Data records:
BEGIN

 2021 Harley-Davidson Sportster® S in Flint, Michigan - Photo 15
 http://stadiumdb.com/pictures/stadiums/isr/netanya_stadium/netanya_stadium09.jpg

END
BEGIN

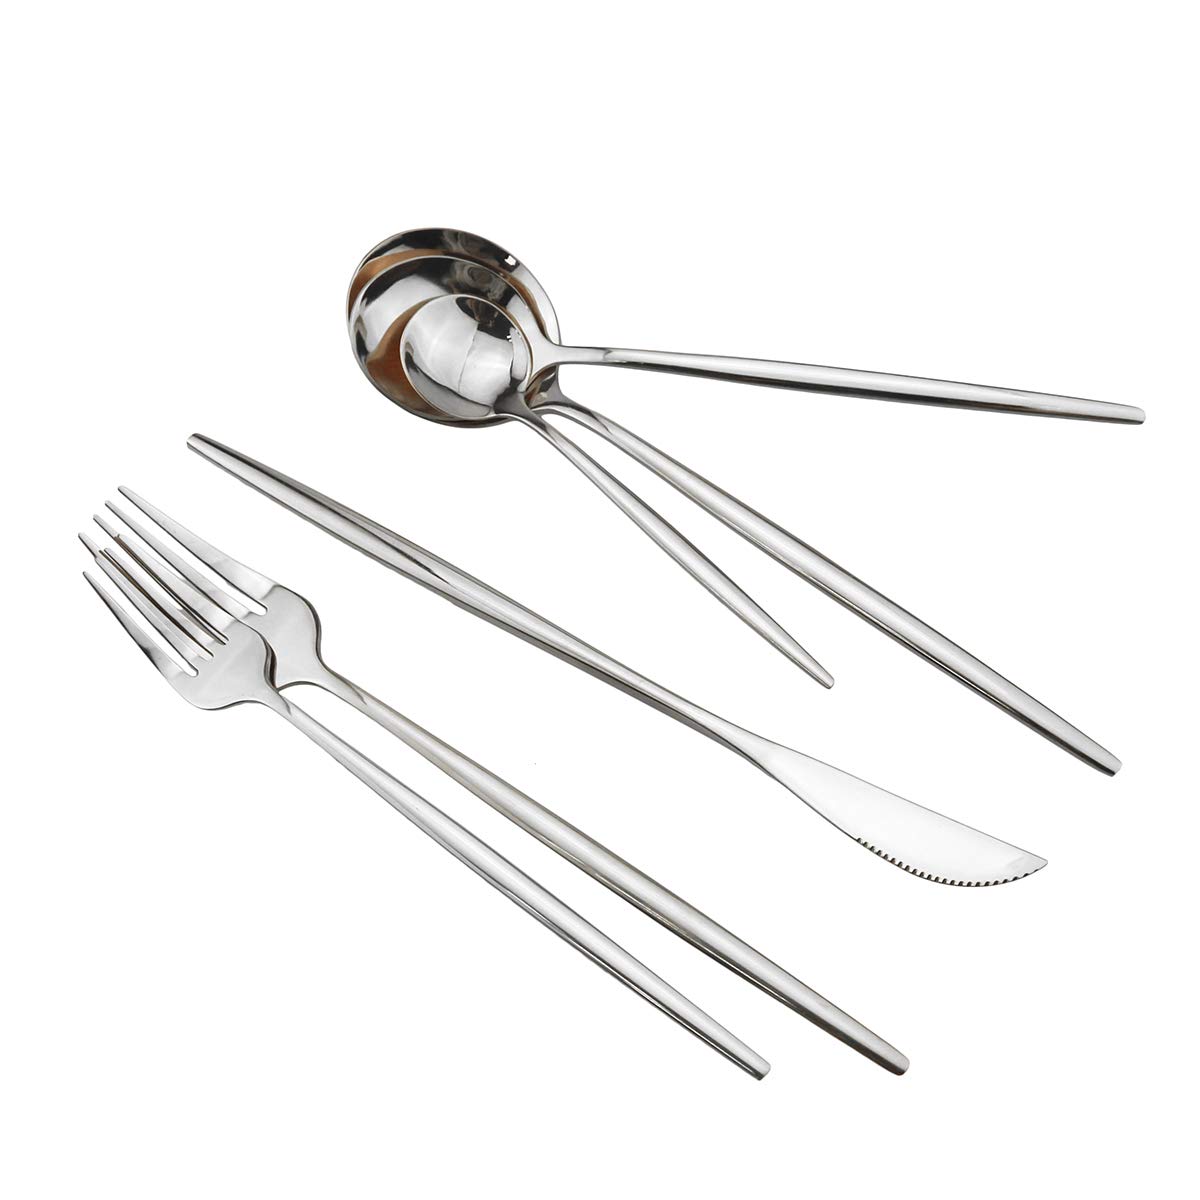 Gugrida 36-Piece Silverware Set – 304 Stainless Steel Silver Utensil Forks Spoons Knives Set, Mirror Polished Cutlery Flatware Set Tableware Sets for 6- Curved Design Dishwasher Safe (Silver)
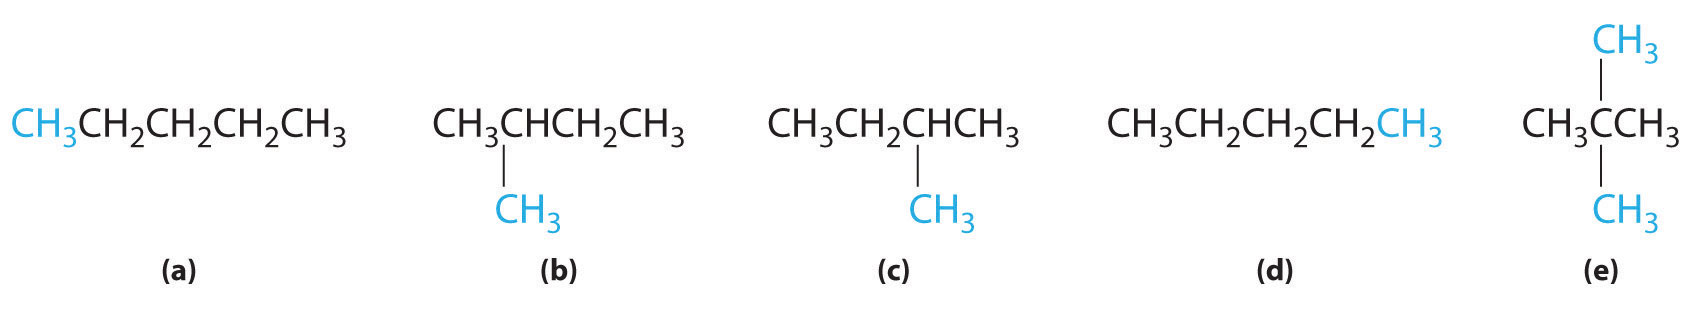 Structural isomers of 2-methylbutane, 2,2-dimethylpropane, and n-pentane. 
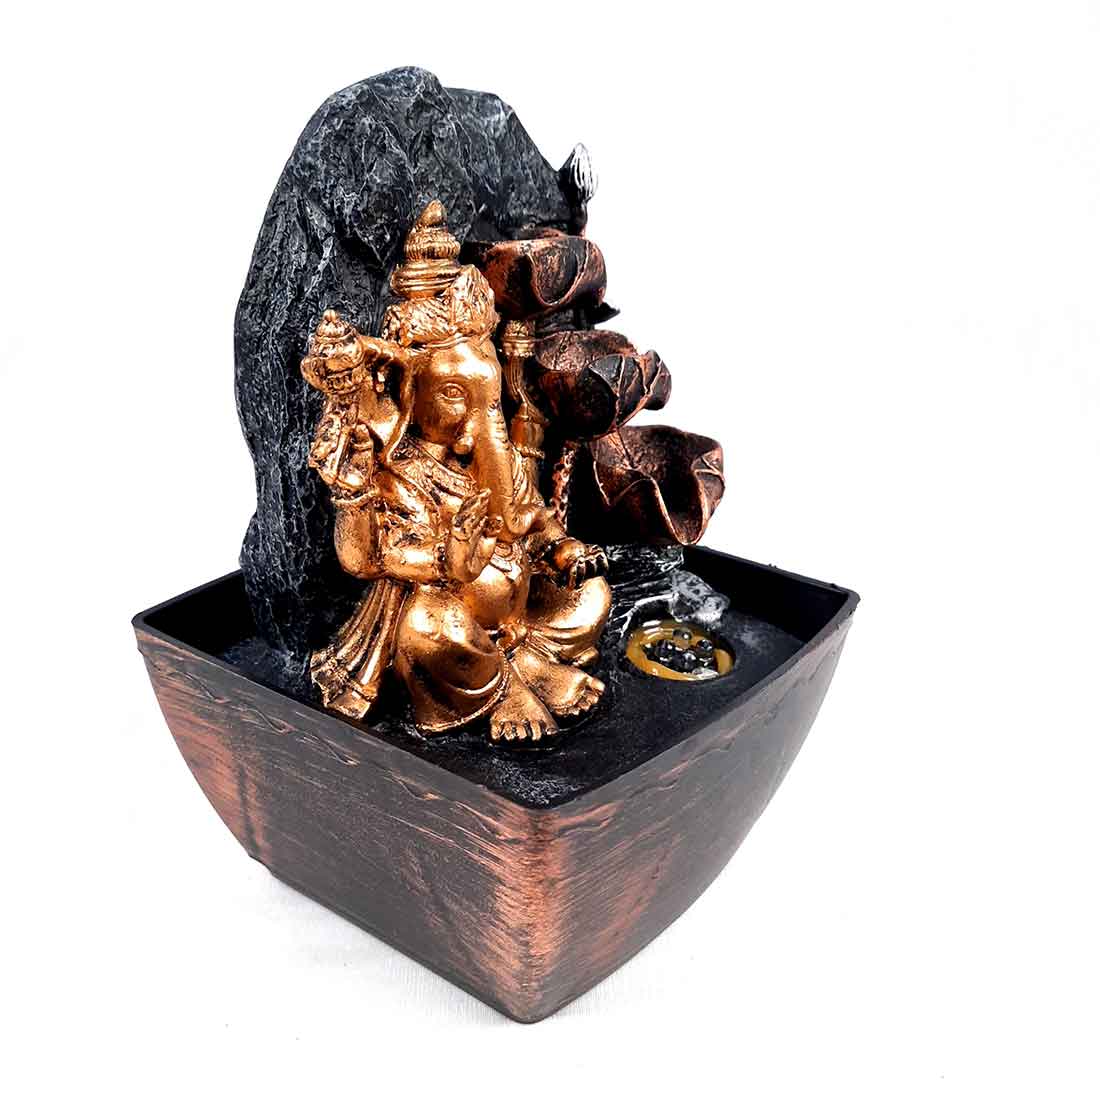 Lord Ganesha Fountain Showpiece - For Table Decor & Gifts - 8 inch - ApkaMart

END

Problem:
Between and including the line above that contains "Gugrida 36-Piece Silverware" and the line that contains "Lord Ganesha Fountain", restate every line word for word. Pictures stay out.

Result below:
 Gugrida 36-Piece Silverware Set – 304 Stainless Steel Silver Utensil Forks Spoons Knives Set, Mirror Polished Cutlery Flatware Set Tableware Sets for 6- Curved Design Dishwasher Safe (Silver)
 Structural isomers of 2-methylbutane, 2,2-dimethylpropane, and n-pentane. 
 Lord Ganesha Fountain Showpiece - For Table Decor & Gifts - 8 inch - ApkaMart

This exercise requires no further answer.